I don't see any path forward here that still expects the recovery.conf 
file to function as it used to.  The "make replication easy" crowd will 
eventually be larger than the pre-9.0 user base, if it isn't already.  
And they clearly want no parts of that thing.  There's been over a year 
of arguing around how to cope with it that will satisfy everyone, so 
many messages I couldn't even read them all usefully in our archives and 
had to go here:

http://postgresql.1045698.n5.nabble.com/recovery-conf-location-td2854644.html
http://postgresql.1045698.n5.nabble.com/unite-recovery-conf-and-postgresql-conf-td4785717.html

I don't think it's possible.  What I would propose is a specification 
based on forced failure if there's any sign of recovery.conf, combined 
with the simplest migration path we can design to ease upgrades from 
older versions.  I think we can make the transition easy enough.  Users 
and tool vendors can make relatively simple changes to support 9.2 
without changing everything they're used to just yet--while still being 
very clear deprecation has arrived and they should reconsider their 
approach.  Only bug-compatible levels of backwards compatibility would 
make this transparent to them, and there's way too many issues to allow 
moving forward that way--a forward path that as far as I can see is 
desired by the majority of users, and just as importantly for all of the 
potential new users we're impacting with the current mess.

There's another, perhaps under considered, concern I want to highlight 
as well.  Tom has repeatedly noted that one of the worst problems here 
would go away if the "existence means do recovery" nature of 
recovery.conf went elsewhere.  And we know some packagers want to 
separate the necessary to manipulate configuration files from the 
database directory, for permissions and management reasons.  As Heikki 
nicely put it (over a year ago), "You don't want to give monitoring 
tools that decide on failover write access to the data directory".  Any 
information that the user is supplying for the purpose of specifying 
things needs to be easy to relocate to a separate config file area, 
instead of treating it more like a control file in $PGDATA.  Some 
chatting this morning with Simon pointed out a second related concern 
there, which makes ideas like "specify the path to the recovery.conf 
file" infeasible.  The data_directory is itself a parameter, so anything 
tied to that or a new GUC means that config files specified there we 
would need two passes.  First identify the data directory, then go back 
again to read recovery.conf from somewhere else.  And nobody wants to 
wander that way.  If it doesn't fit cleanly into the existing 
postgresql.conf parsing, it's gotta go.

Here's the rough outline of what I think would work here:

-All settings move into the postgresql.conf.

-As of 9.2, relocating the postgresql.conf means there are no user 
writable files needed in the data directory.

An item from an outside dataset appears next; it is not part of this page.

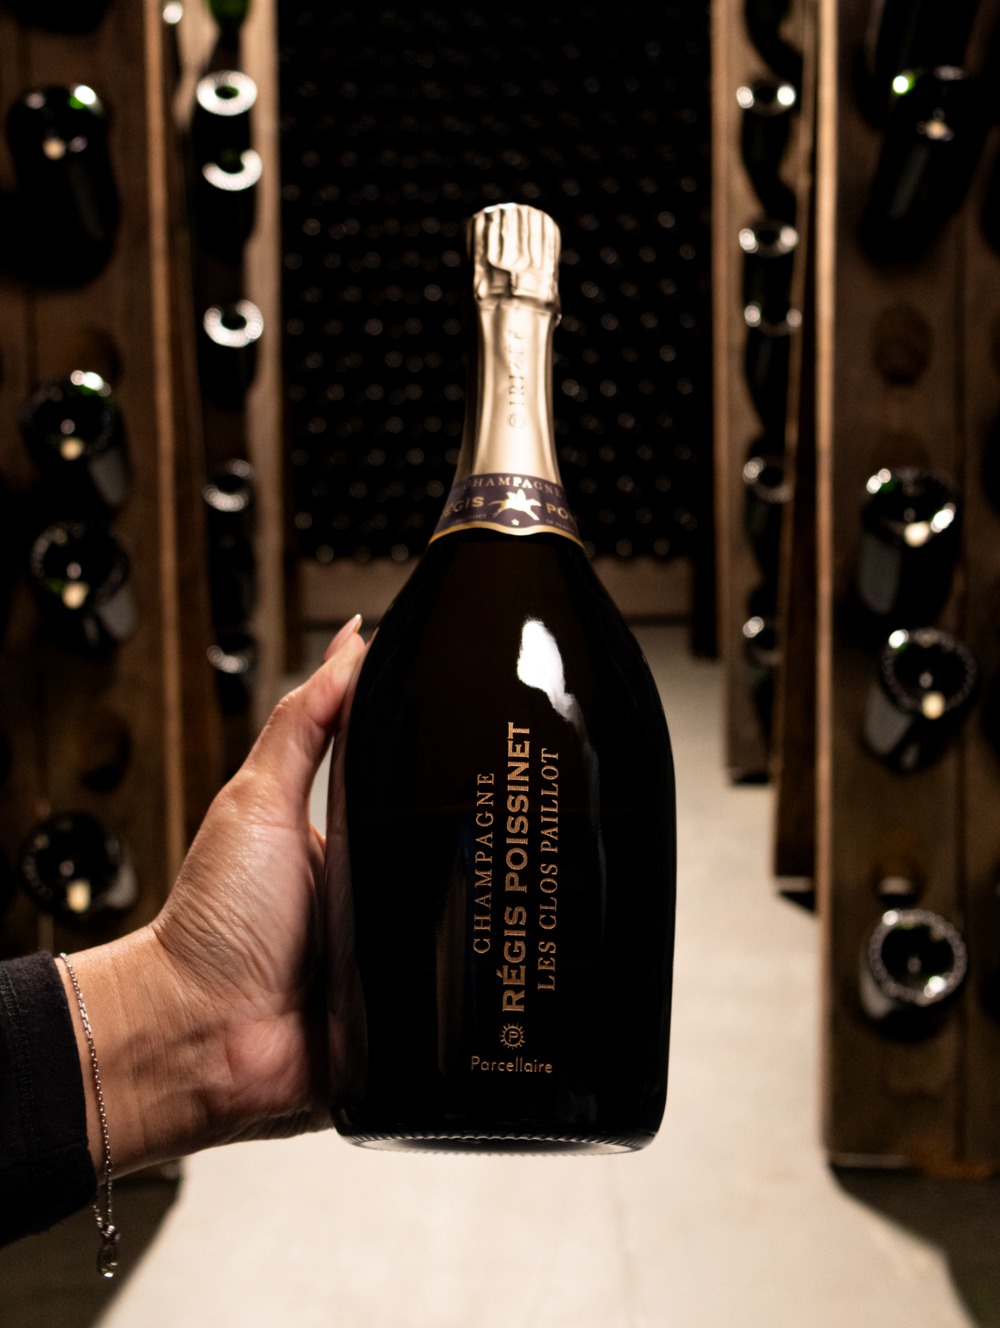 Champagne Régis Poissinet Blanc de Noirs Les Clos Paillot Extra Brut 2017

-Creating a standby.enabled file in the directory that houses the 
postgresql.conf (same logic as "include" uses to locate things) puts the 
system into recovery mode.  That feature needs to save some state, and 
making those decisions based on existence of a file is already a thing 
we do.  Rather than emulating the rename to recovery.done that happens 
now, the server can just delete it, to keep from incorrectly returning 
to a state it's exited.  A UI along the lines of the promote one, 
allowing "pg_ctl standby", should fall out of here.  I think this is 
enough that people who just want to use replication features need never 
hear about this file at all, at least during the important to simplify 
first run through.

-If startup finds a recovery.conf file where it used to live at, 
abort--someone is expecting the old behavior.  Hint to RTFM or include a 
short migration guide right on the spot.  That can have a nice section 
about how you might use the various postgresql.conf include* features if 
they want to continue managing those files separately.  Example: rename 
it as replication.conf and use include_if_exists if you want to be able 
to rename it to recovery.done like before.  Or drop it into a conf.d 
directory where the rename will make it then skipped.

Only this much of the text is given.